--- Data ---

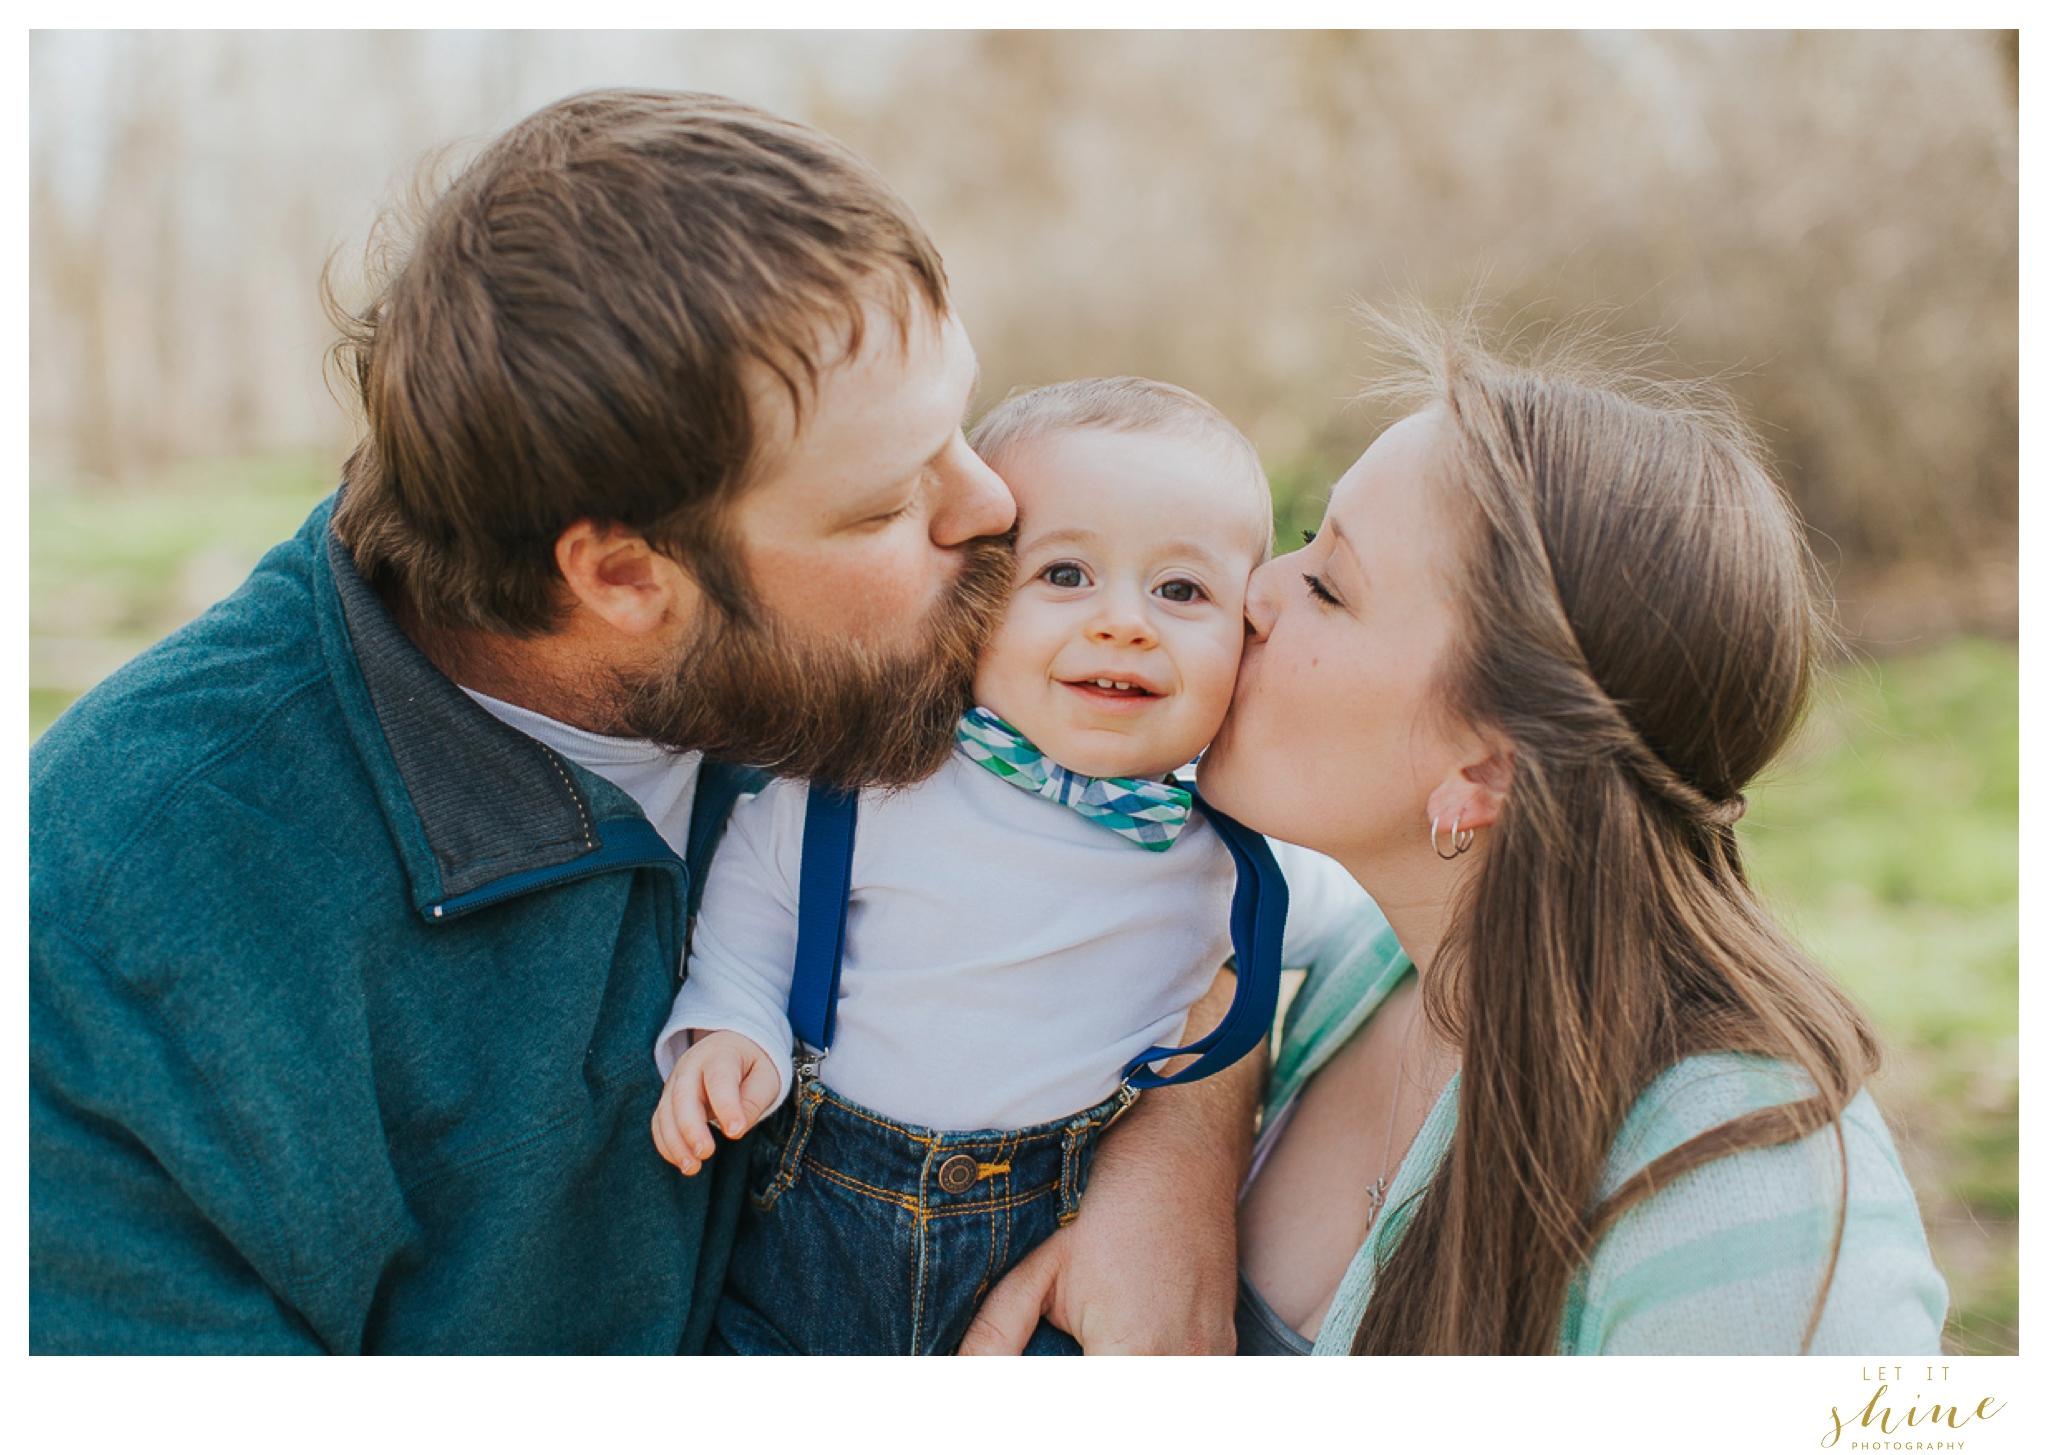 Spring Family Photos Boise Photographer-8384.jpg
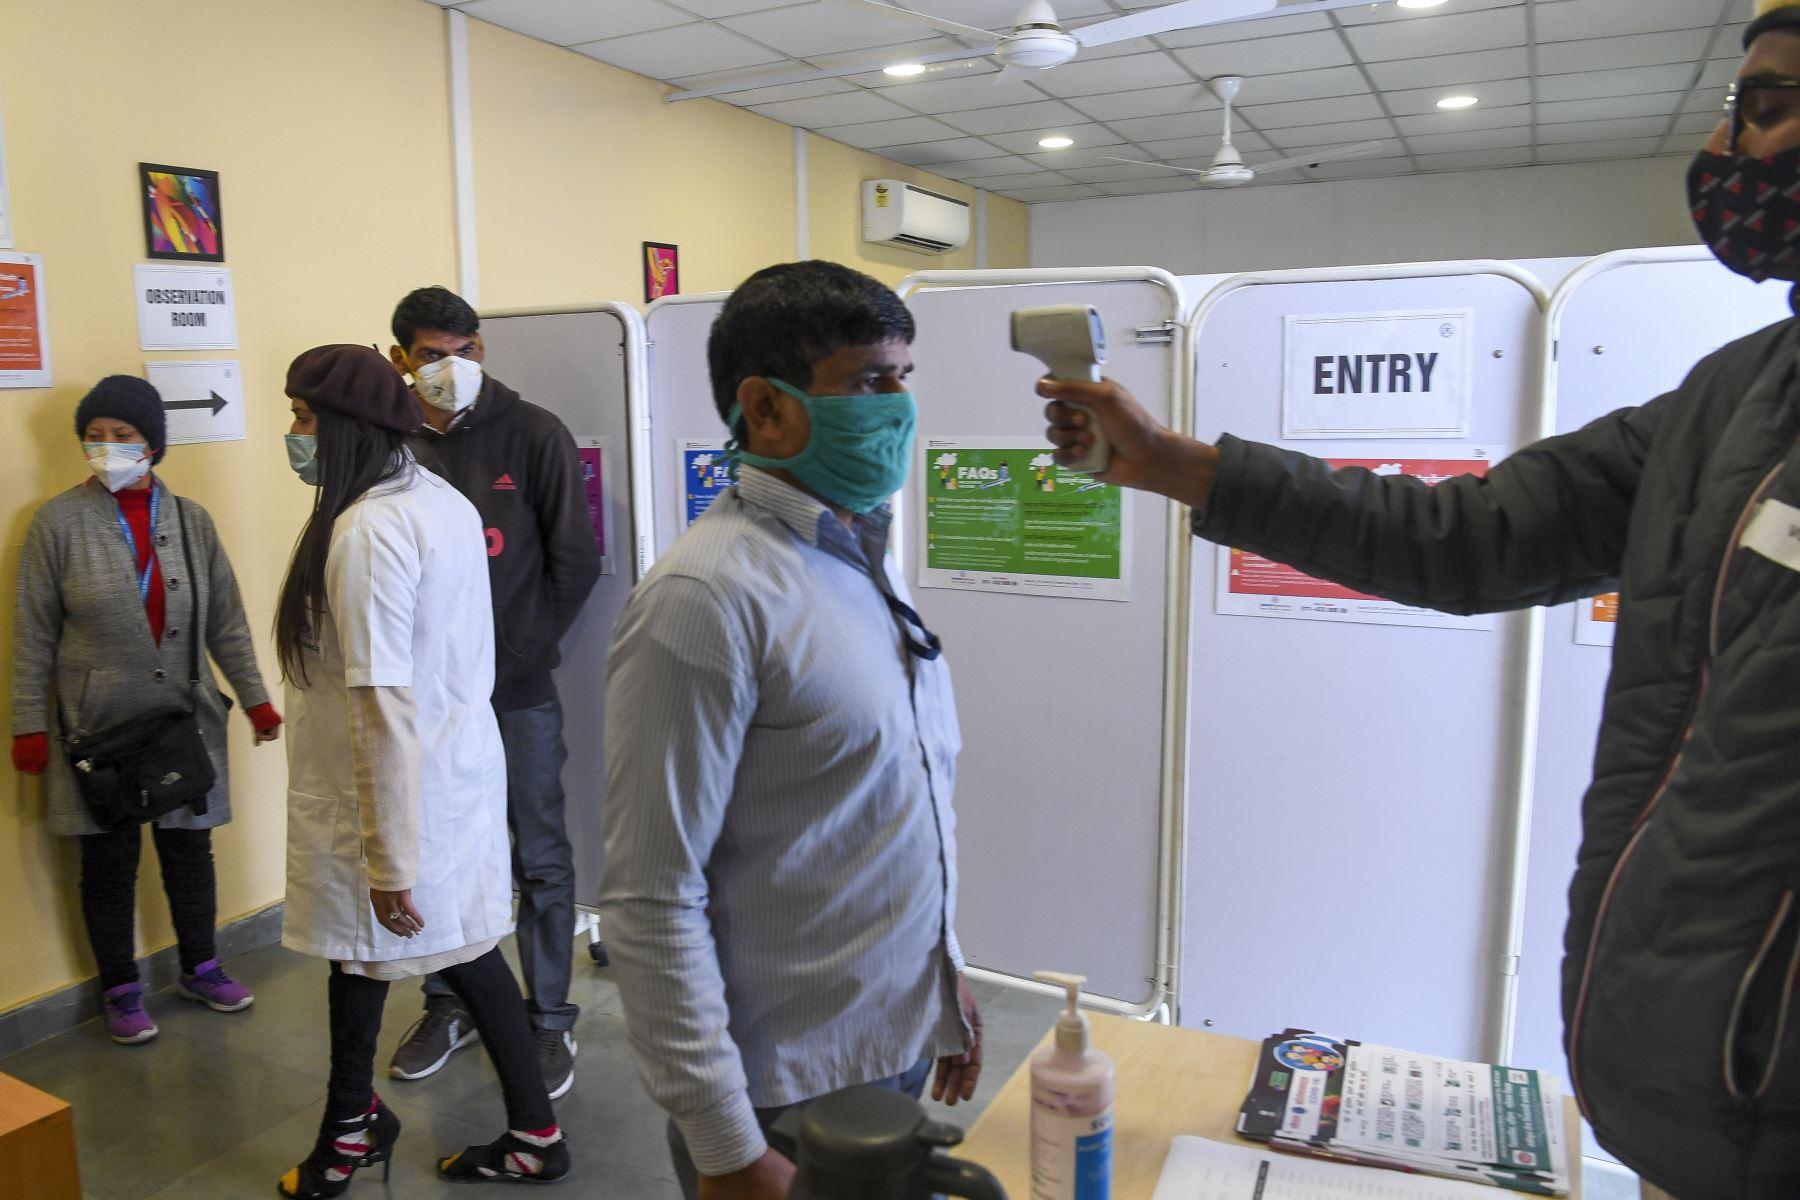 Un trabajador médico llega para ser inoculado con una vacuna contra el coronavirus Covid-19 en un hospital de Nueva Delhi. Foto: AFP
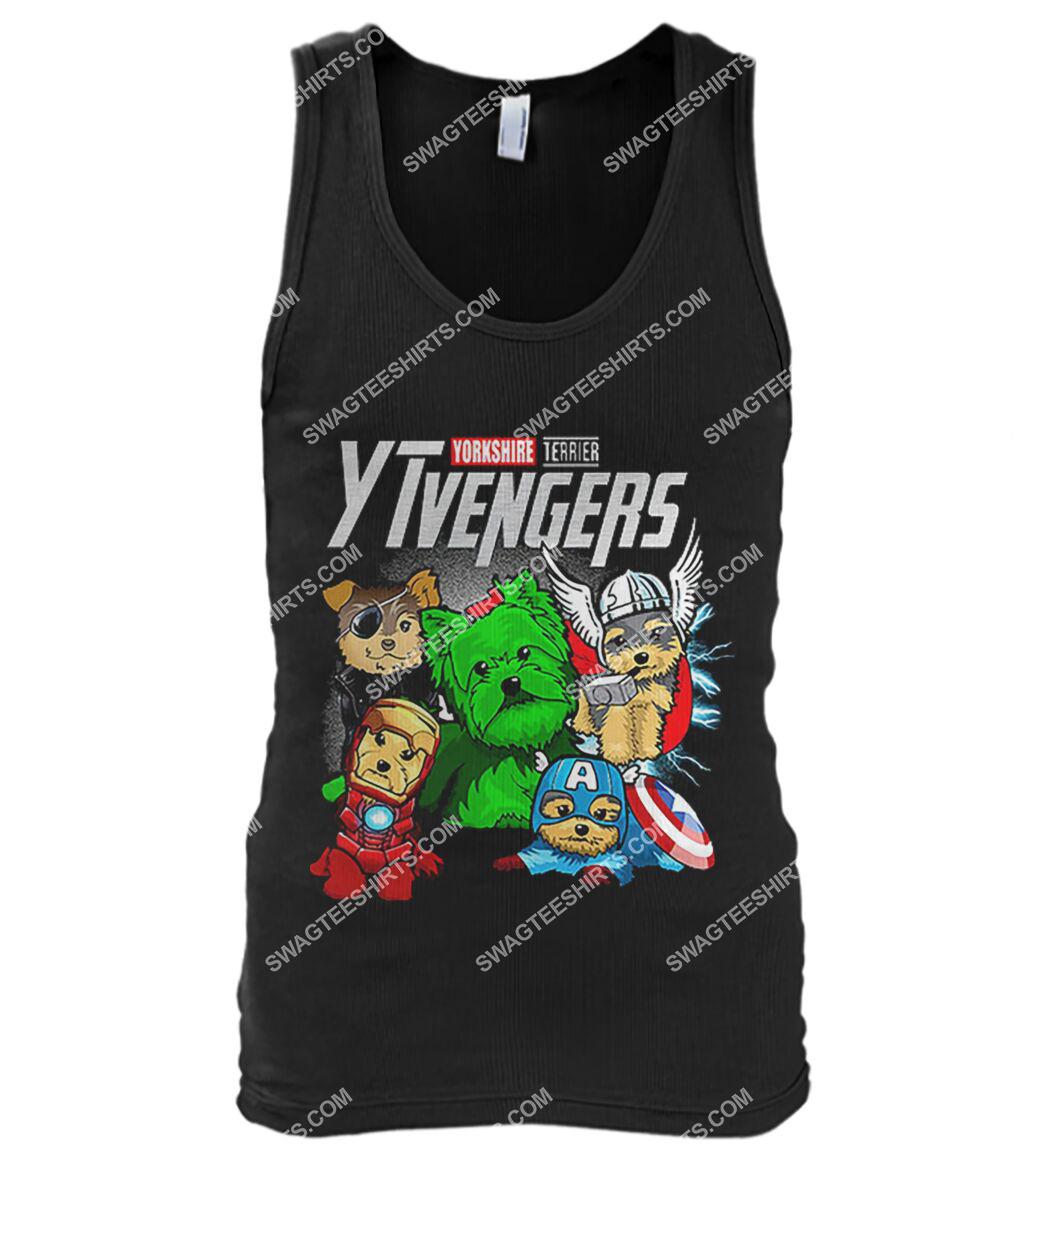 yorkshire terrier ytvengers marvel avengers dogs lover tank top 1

---

§ Work item:
Reproduce the full listing verbatim so that only the pictures are missing.

§ Task output:
 Spring Family Photos Boise Photographer-8384.jpg
 Un trabajador médico llega para ser inoculado con una vacuna contra el coronavirus Covid-19 en un hospital de Nueva Delhi. Foto: AFP
 yorkshire terrier ytvengers marvel avengers dogs lover tank top 1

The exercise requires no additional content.